Related Services
dbt Cloud, GCP, Terraform, BigQuery, GitHub, Cloud Build
Industry
Agriculture
Company
Xebia Data
Kramp is a distributor of spare parts for the agriculture and construction industries. Founded in 1951, the family-owned company based in Varsseveld is the largest supplier of spare parts for its industries in Europe. It has over 3,000 employees, B2B annual sales of 1.16 billion euros in 2023, and 12 operation centers. Over the past 73 years, Kramp has always pursued one goal: to make work as easy as possible for all its customers.
In Search of Data Mesh
Kramp had been leveraging its Google Cloud Platform (GCP) since 2021. As the number of projects deployed on the platform grew, it became clear that Kramp needed an efficient tool to perform data transformations and ensure that queries were properly documented and tested.
Since Kramp is a consolidated organization with clear domains (product, marketing, finance, etc.), the company required a data infrastructure that could sustain an independent way of working. A data mesh, a model where all departments can pull and push data to a central location, was the perfect solution.
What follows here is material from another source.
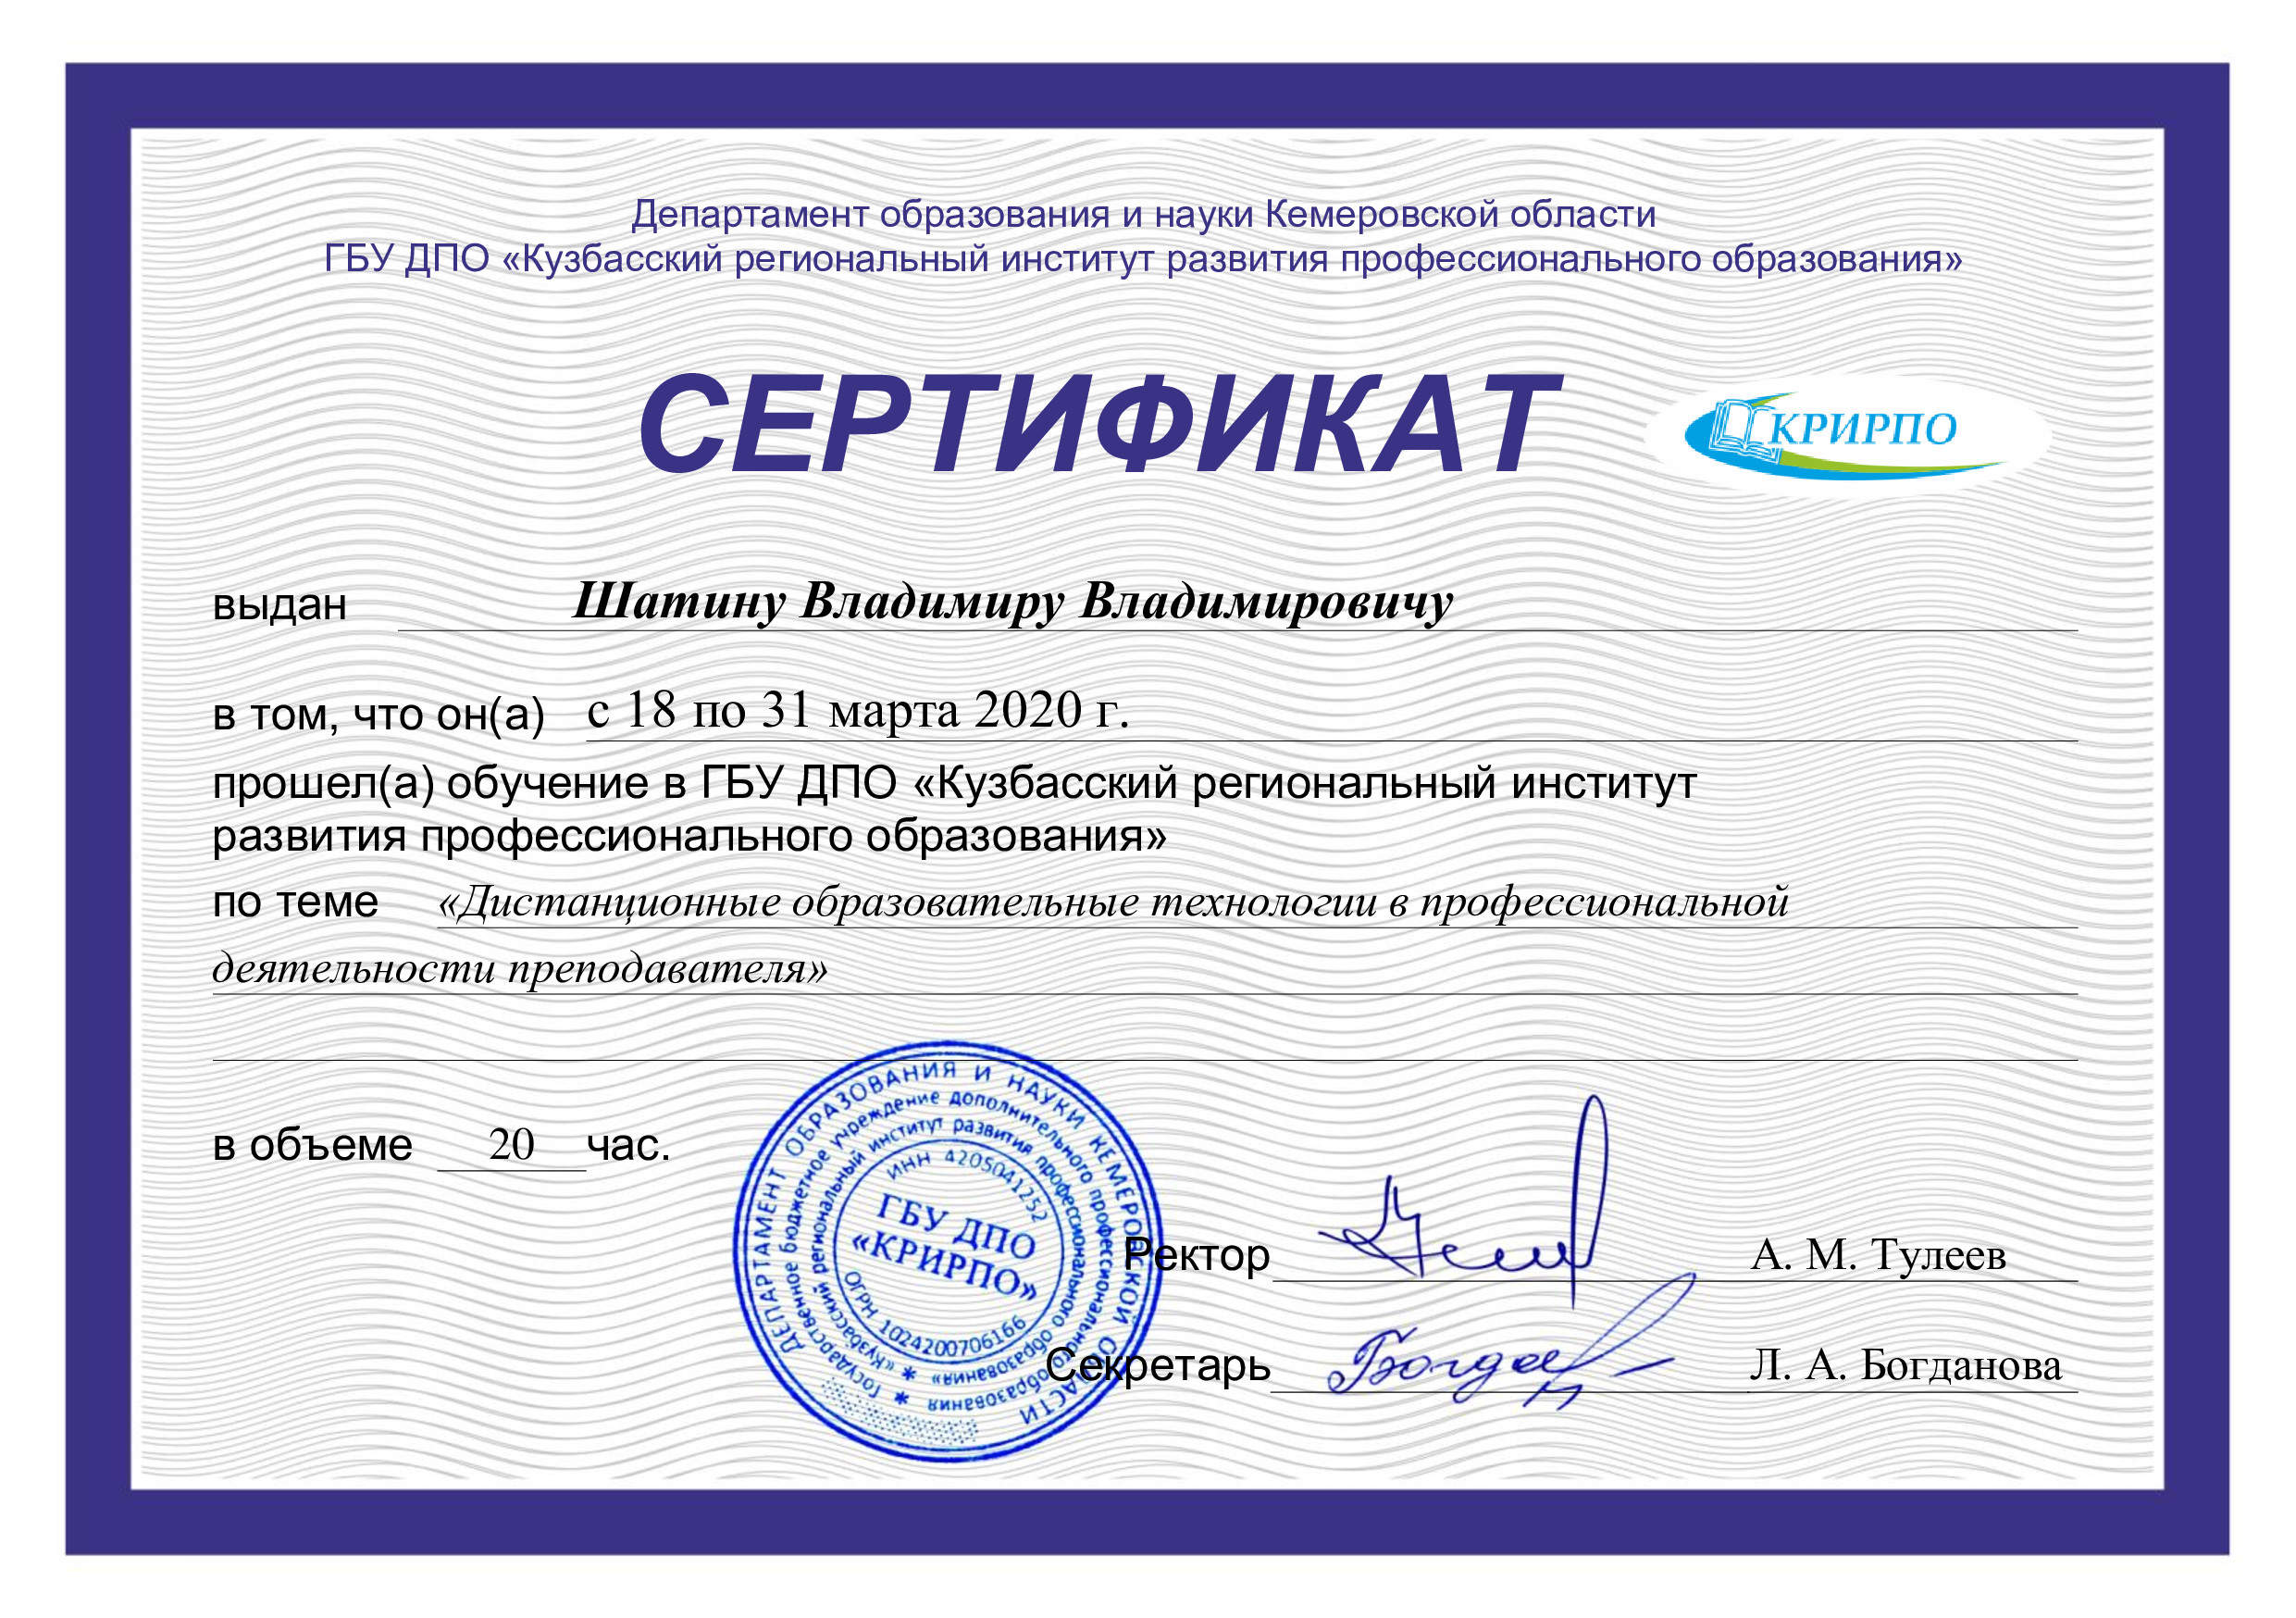 сертификат фотография москва

Kramp wanted to create a data mesh with the help of dbt Cloud so every team could get their own projects on the dbt Cloud platform within GCP. At that moment, however, they needed support to implement this data mesh structure. That’s where Xebia came in.
dbt Cloud to the Rescue
Xebia’s consultant, Padraic Slattery, brought his knowledge of dbt Cloud to make the data mesh a reality for Kramp. He worked hand in hand with Kramp’s professionals in the Data Office team to set up the infrastructure.
dbt Cloud offered them an integrated development environment (IDE) where analysts could be easily onboarded, removing the need to set up dbt locally. Analysts only had to click a button in their browser to access their project, where they could keep track of their work with the in-built integration in GitHub.
In addition, dbt Cloud offers Kramp data lineage, governance, and documentation. It also connects easily to visualization tools such as Tableau.
To facilitate the onboarding of Kramp’s users to dbt, Xebia’s consultants supported Kramp in defining a dbt Cloud learning journey. In addition, they hosted several trainings that combined Xebia’s dbt-learn course with advanced material tailored to Kramp’s needs. Finally, they also facilitated a dbt hackathon to encourage the development of new solutions.
“Xebia enabled the team to build a solid foundation for our data mesh on the Google Cloud Platform managed with dbt Cloud.”
The Final Impact
Currently, the data mesh is fully running. The platform is fully open for new domains to be onboarded. The process is as simple as reading a Readme file, following a few steps, cloning a Terraform repo, and creating a pull request. Then the Kramp Data Office team approves this request, and the domain gets its new project in 10 minutes.
Once every domain has been granted access to their project, they’re the owners of said project and can:
- Request access to their own source data.
- Grant access to their own data marts.
- Schedule their own data pipelines.
- Schedule their own release to production.
Within the Kramp Data Office team, which oversaw the transformation to the data mesh, the number of active analysts has grown from 0 to 8. On top of that, 30 other professionals have been trained in dbt. This has not only spread data knowledge throughout the company but has also ensured that the data mesh can be maintained to a high standard after Xebia has completed its assignment.
Throughout this project, the Data Office team has increased automation, improved data governance capabilities (data access, data lineage, etc.), and reduced ad-hoc requests. Other departments such as Product, Sales, and Marketing have benefited through the increased ability to own their own metrics, explore granular data, and build customs data models for detailed reporting.
Additionally, teams at Kramp and Xebia liaised to set up a peer-mentoring program and help with the initial pull requests. They also set up shared communication channels to ask questions and share knowledge about the data mesh.